This data structure is present also in the situation, where m samples having the same underlying distribution are given. These samples may originate from several sources.

3 Empirical distribution functions

In this section we consider the empirical marginal distribution functions and their convergence properties. Let \({\tilde{n}}_{j}\) be the number of data items where the j-th component is present:

$$\begin{aligned} {\tilde{n}}_{j}=\sum _{\mu :1\le \mu \le m,j\in J_{\mu }}n_{\mu }. \end{aligned}$$

We introduce \({\bar{n}}_{\nu }\) to be the number of data items where at least the non-missing components of data subset \(\nu \) are present

$$\begin{aligned} {\bar{n}}_{\nu }=\sum _{\mu :1\le \mu \le m,{\textbf{b}}^{(\mu )}\ge {\textbf{b}} ^{(\nu )}}n_{\mu } \end{aligned}$$

The inequality \({\textbf{b}}^{(\mu )}\ge {\textbf{b}}^{(\nu )}\) means that data subset \(\mu \) has at least the non-missing components of data subset \(\nu \).

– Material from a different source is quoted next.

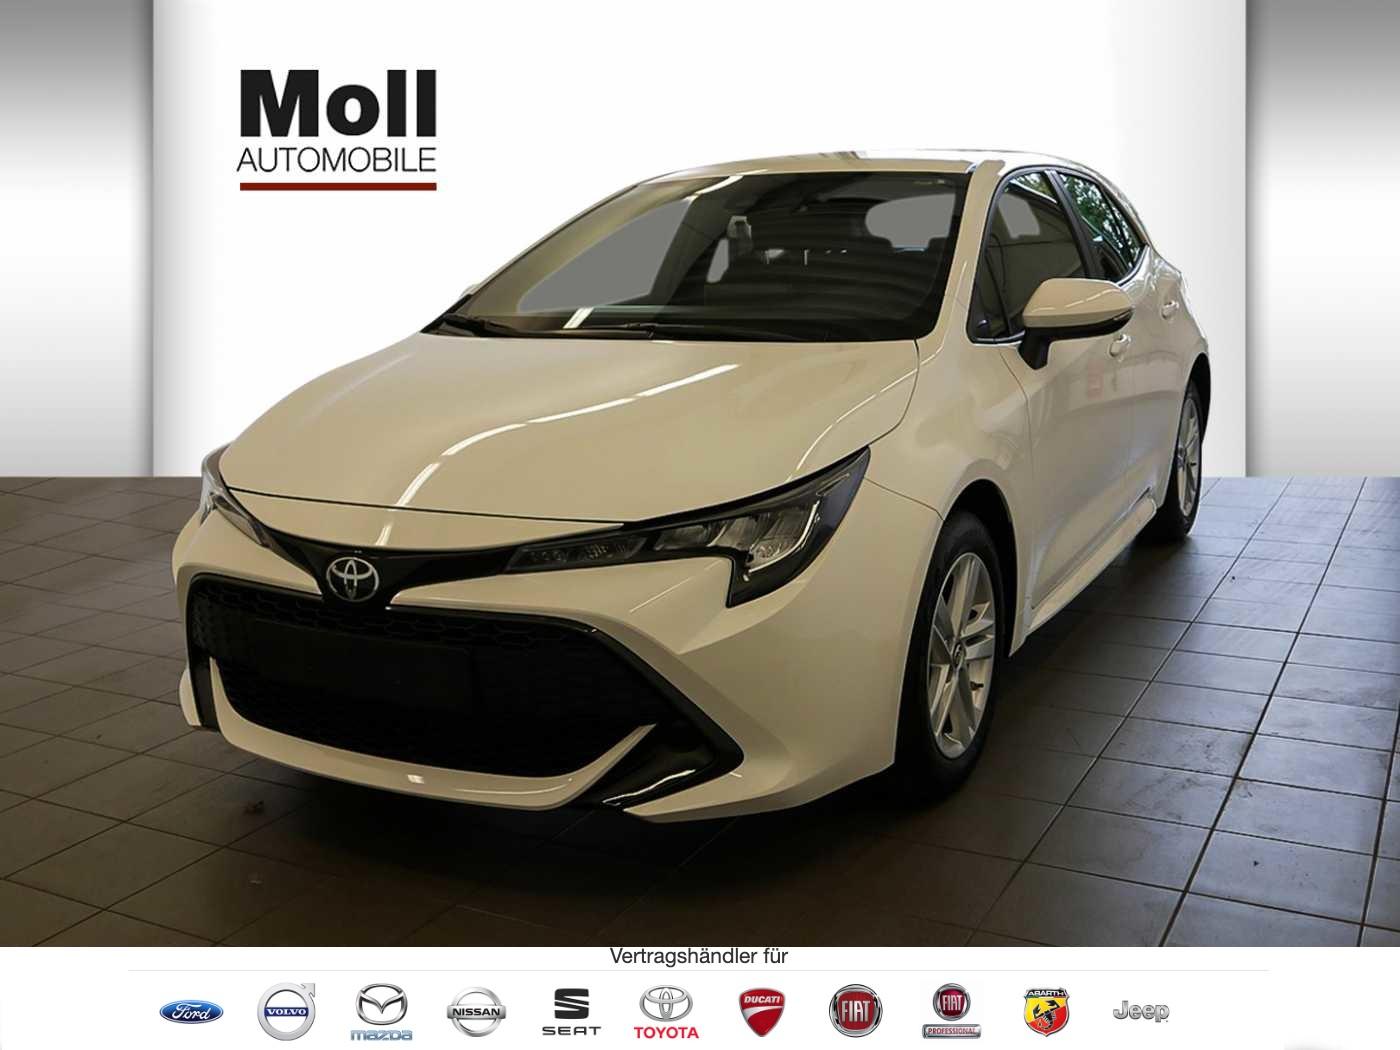 Toyota Corolla 5trg 1.2 Turbo Comfort Neues Modell 2019, Jahr 2019, Benzin

Notice that \({\bar{\psi }}_{j\mu }({\textbf{Y}}_{\mu i})\) and \(\psi _{\nu \mu }( {\textbf{Y}}_{\mu i})\) have the distribution functions \(F_{j}\) and \(H_{\nu }\), respectively. Next we consider estimators for the marginal distributions and the joint distribution functions:

$$\begin{aligned} {\hat{F}}_{nj}(z)= & {} \frac{1}{{\tilde{n}}_{j}}\sum _{\mu :1\le \mu \le m,j\in J_{\mu }}\sum _{i=1}^{n_{\mu }}{\textbf{1}}\left\{ {\bar{\psi }}_{j\mu }({\textbf{Y}} _{\mu i})\le z\right\} ,\\ {\hat{H}}_{n\nu }({\textbf{y}})= & {} \frac{1}{{\bar{n}}_{\nu }}\sum _{\mu :1\le \mu \le m,{\textbf{b}}^{(\mu )}\ge {\textbf{b}}^{(\nu )}}\sum _{i=1}^{n_{\mu }} {\textbf{1}}\left\{ \psi _{\nu \mu }({\textbf{Y}}_{\mu i})\le {\textbf{y}}\right\} \end{aligned}$$

for \(z\in {\mathbb {R}},{\textbf{y}}\in {\mathbb {R}}^{d_{\nu }},\nu =1,\ldots ,m\). We pose the following assumption on \(n_{\mu }\).

Assumption

\({\mathcal {A}}_{n}\): For \(\mu =1,\ldots ,m\),

$$\begin{aligned} \lim _{n\rightarrow \infty }\frac{n_{\mu }(n)}{n}=\gamma _{\mu } \end{aligned}$$

with constants \(\gamma _{\mu }\in (0,1]\). \(\square \)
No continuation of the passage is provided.